Flock of birds, hovering above. Just a flock of birds, it’s how you think of love.
The engines start to hum and roar as we prepare for takeoff. I put my iPhone on airplane mode and open up a playlist of songs to get me through the last leg of the journey, from Atlanta to my home, Minneapolis. I close my eyes to hold back tears but all I see are the bright and hopeful faces of those dear brothers and sisters I just said goodbye to.
And I always look up to the sky, pray before the dawn. ‘Cause they fly always; sometimes they arrive, sometimes they are gone. They fly on.
I’m listening to the song “O” by Coldplay, from their new album, Ghost Stories. It’s my first time hearing this song. Coldplay has always been a special band to me. I can remember the first time I really noticed them: I was in my hospital bed at Children’s Hospital of Minneapolis, flipping channels when I first saw their music video for the song “Clocks”. I love how whenever I hear this song, I can trace so many more special moments of my life all the way back to this one.
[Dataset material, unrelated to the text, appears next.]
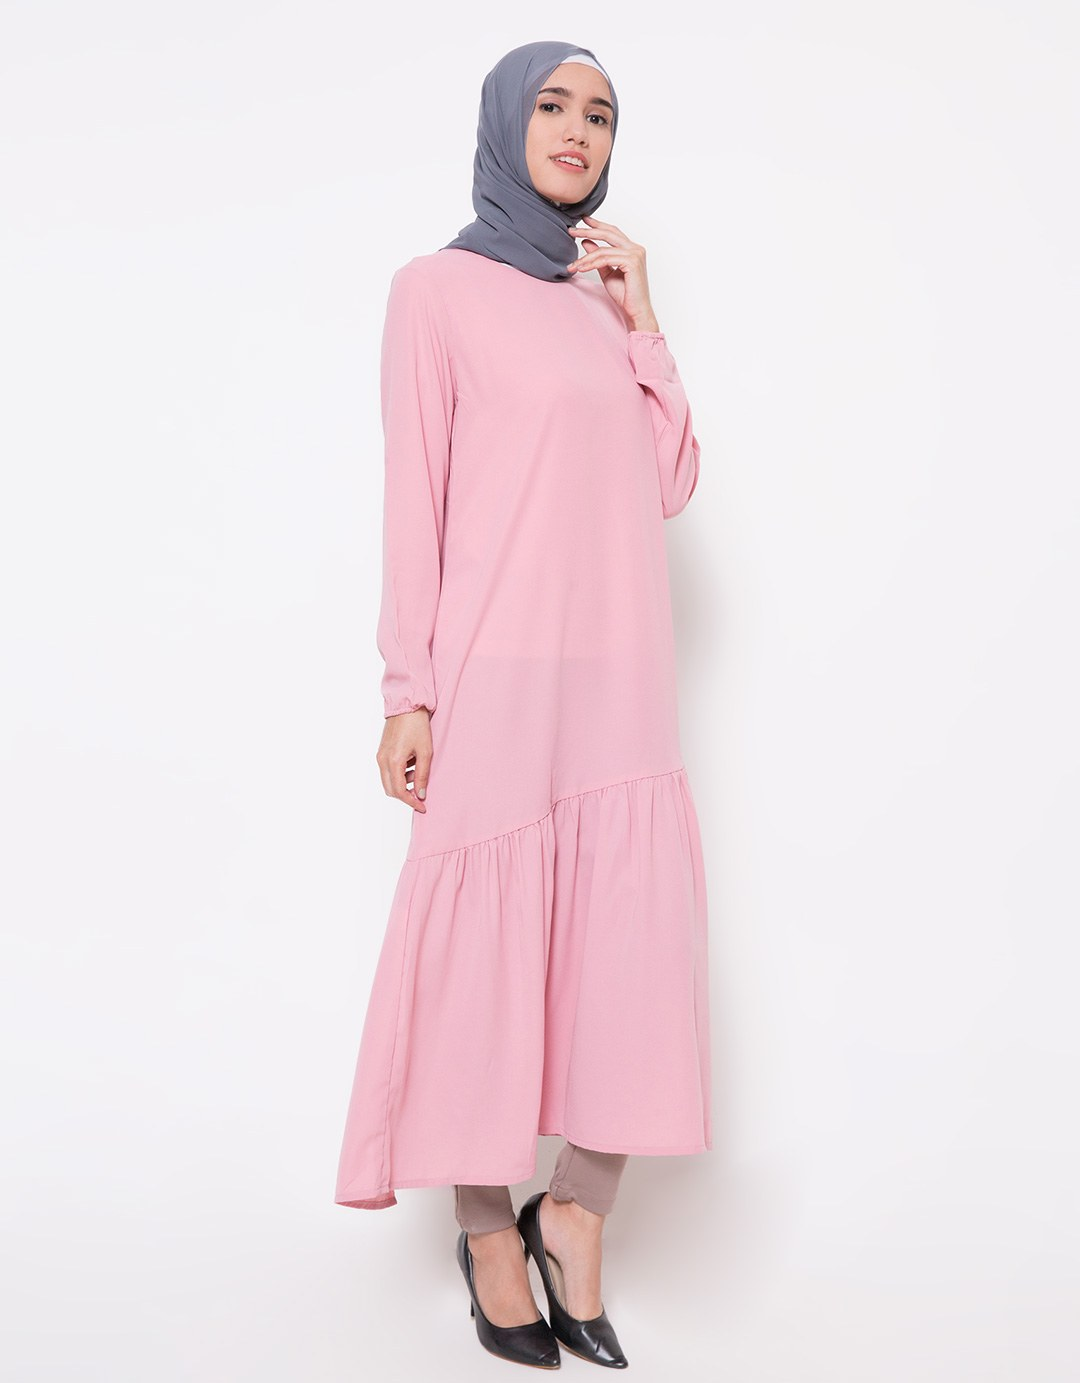 Ide Baju Lebaran Untuk orang Tua 9ddf Baju Lebaran Untuk orang Tua Gambar islami

I close my eyes tighter as the soft piano line continues to rise and fall. I’m not ready to go home, because I already feel at home. I want to write down and savor every single moment of this journey. Every smile, laugh, tear, hug. The glow in everyone’s faces that now cannot be extinguished. But I’m too tired to write. I worry if I don’t write soon, I might lose every moment.
Later I’m getting off the train in downtown Minneapolis, and suddenly I realize I’m walking the same route I take home from work every day, as if I had never left. I see people in suits rushing home. Tomorrow their cares will be mine.
But I don’t worry. Nothing can remove this glow now. I realize that I don’t have to worry about the daily bombardments of life that will soon consume me.
I think back on the third day of the hike when I was sick, dehydrated and a little bit delirious. I didn’t want to continue walking but was too faint to get on a horse. But Dr. Deming, smiling as always, wouldn’t have any of my complaints. He looked at me and said, “Think about how you can reach out to others.”
Reach out to others? When I can barely stand? Are you crazy?
He was right.
I get up anyways, and think about the group. I think about my family back home. I think about everyone I love, and everyone I live for. I think of all the heartbreaking stories others have shared while on this trip, and I feel their burdens. And pretty soon I no longer feel the weight of my own.
So fly on, ride on through. Maybe one day I’ll fly next to you…maybe one day I can fly with you.